跟踪的目标虽然各式各样但也有值得网络去学习的共性（such as robustness to illumination changes, motion blur, scale variations, etc. ），所以可以使用视频跟踪数据来训练CNN
同一目标有时被当作背景有时被当作前景，每个序列的目标存在较大差异，再加上有遮挡和形变
现有的很多训练好的网络主要针对的任务比如目标检测、分类、分割等的网络很大，因为他们要分出很多类别的目标。而在跟踪问题中，一个网络只需要分两类：目标和背景。而且目标一般都相对比较小，那么其实不需要这么大的网络，会增加计算负担。

Multi-domain representation learning（提前用CNN学共性）
with
online visual tracking（在线学特性）

Multi-domain representation learning part
separate domain-independent information from domain-specific one and learn generic feature representations for visual tracking.

MDNet的结构

Input: 网络的输入是107x107的Bounding box，设置为这个尺寸是为了在卷积层conv3能够得到3x3的feature map。
This input size is designed to obtain 3×3 feature maps in conv3:
107 = 75 (receptive field) + 2 × 16 (stride).
Convolutional layers: 网络的卷积层conv1-conv3来自于VGG-M [1]网络，只是输入的大小做了改变。
Fully connected layers: 接下来的两个全连接层fc4,fc5各有512个输出单元（fc4，fc5 combined with ReLUs and Dropouts）。fc6是一个二分类层（Domain-specific layers，binary classification layer with softmax crossentropy loss），一共有K个，对应K个Branches(即K个不同的视频)，每次训练的时候只有对应该视频的fc6被使用，前面的层都是共享的。

训练过程
K个视频，N次循环
mini-batch：某一视频中随机采8帧图片，在这8帧图片上随机采32个正样本和96个负样本——>128个框
每次循环K次迭代（分别用K个视频来取mini-batch）
SGD
每个视频会对应自己的fc6层
通过这样的训练来学得各个视频中目标的共性
generic target representation in shared layer

补充：integrate hard negative mining step into minibatch selection
就是让负样本越来越难分，从而使得网络的判别能力越来越强。

hard negative mining
就是要挑负样本里面最难分的哪些即positive scores最高的那些（特别是false positive）

each iteration of learning procedure
a minibatch->Mp个positives，Mn个hard negatives
Mn个hard negatives是怎么来的呢：
testing M（>>Mn）negatives选分数最高的Mn个

This approach examines a predefined number of
samples and identifies critical negative examples effectively
without explicitly running a detector to extract false positives as in the standard hard negative mining techniques.

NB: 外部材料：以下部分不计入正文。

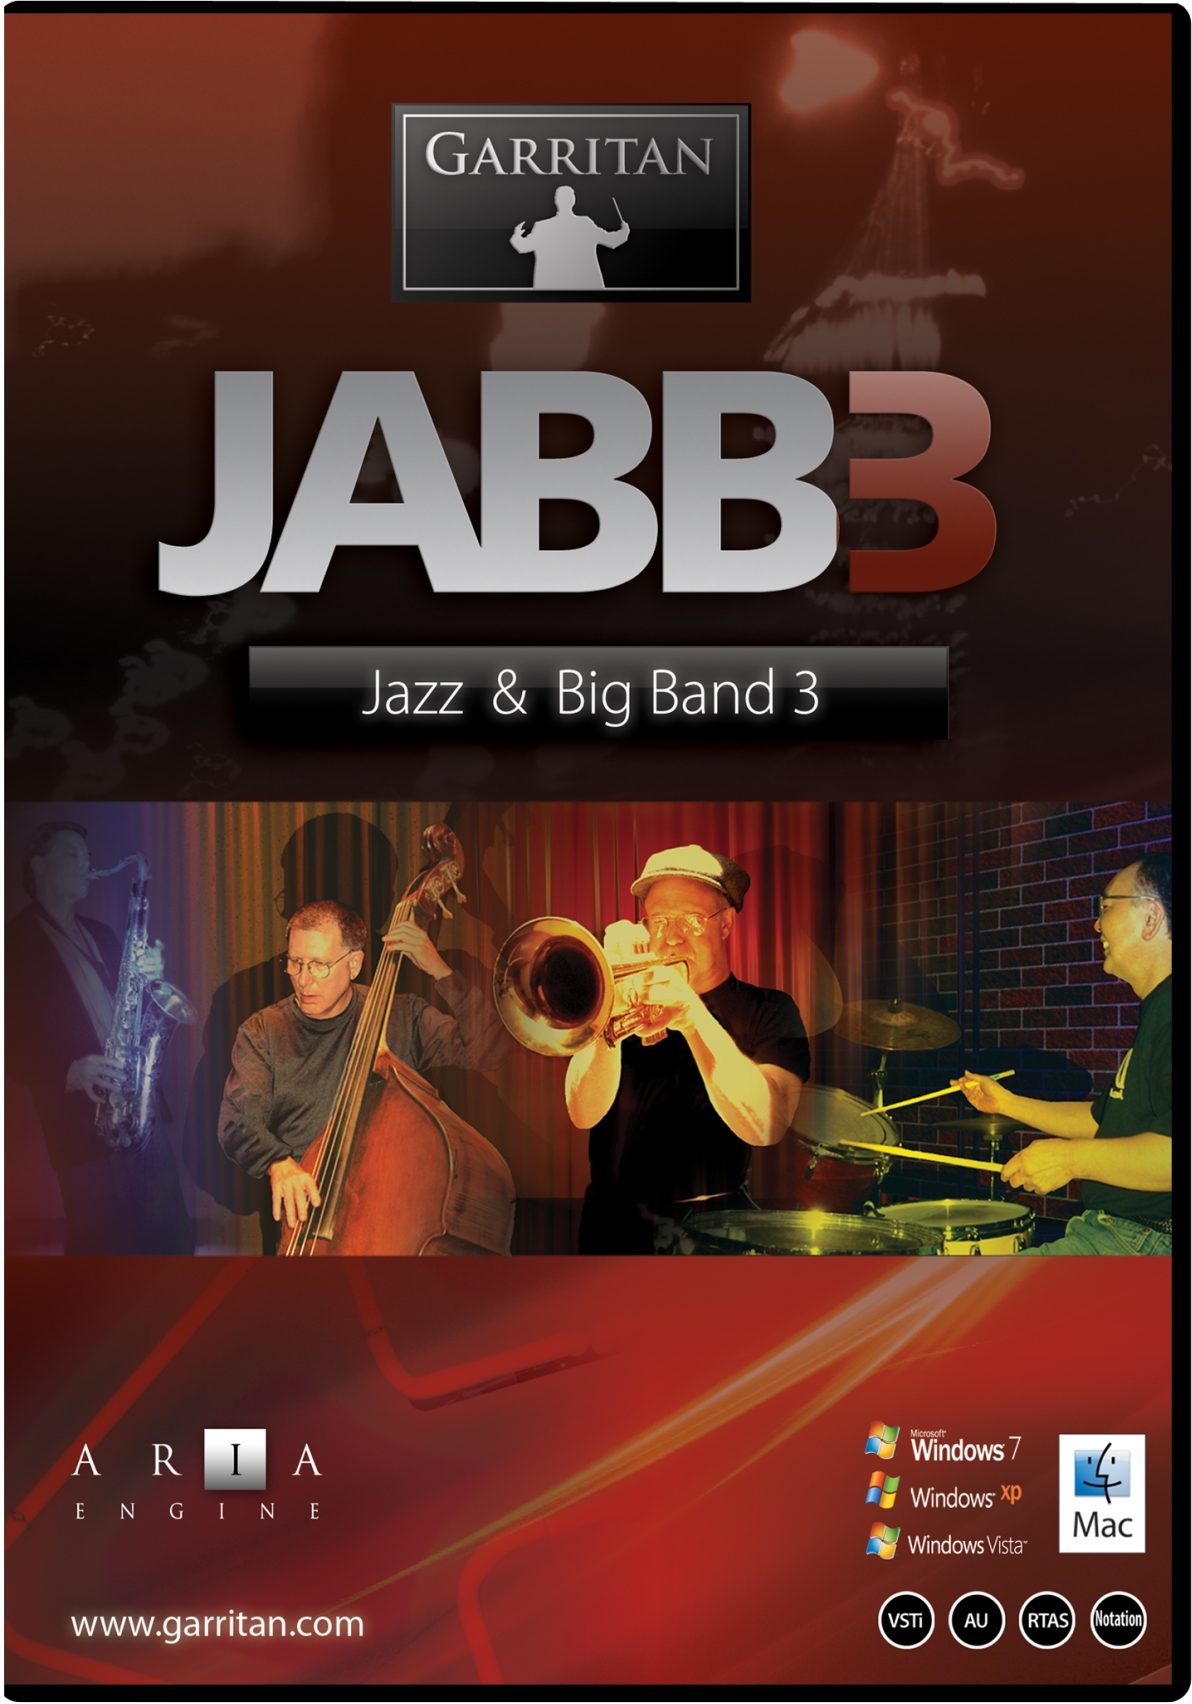 Garritan jazz and big band 3 free download

Only the weights in the fully connected layers w4:6 are updated online whereas the ones in the convolutional layers w1:3 are fixed throughout tracking; this strategy is beneficial to not only computational efficiency but also avoiding overfitting by preserving domain-independent

训练好的网络在做test的时候，会新建一个fc6层，在线fine-tune fc4-fc6层，卷积层保持不变。

online visual tracking

输入：
每次新来一帧图片，以上一帧的目标位置为中心，用多维高斯分布（宽，高，尺度三个维度）的形式进行采样256个candidates，将他们大小统一为107x107后，分别作为网络的输入进行计算。
输出：
表示BoundingBox对应前景与背景的概率的二维向量

更新策略
The online update is conducted to model long-term and short-term appearance variations of a target for robustness and adaptiveness, respectively.（更新是为了建模目标的长期或短期的变化）
采用long-term和short-term两种更新方式。
在跟踪的过程中，会保存历史跟踪到的目标作为正样本（得分高于一个阈值）
long-term对应历史的100个样本（超过100个抛弃最早的），固定时间间隔做一次网络的更新（程序中设置为每8帧更新一次）
short-term对应20个（超过20个抛弃最早的），在目标得分低于0.5进行更新。负样本都是用short-term的方式收集的。

Bounding Box Regression
Due to the high-level abstraction of CNN-based features and our data augmentation strategy which samples multiple positive examples around the target (which will be described in more detail in the next subsection), our network sometimes fails to find tight bounding boxes enclosing the target.
最后得到的candidate不是直接作为目标，还要做一步bounding box regression。做法与R-CNN一样。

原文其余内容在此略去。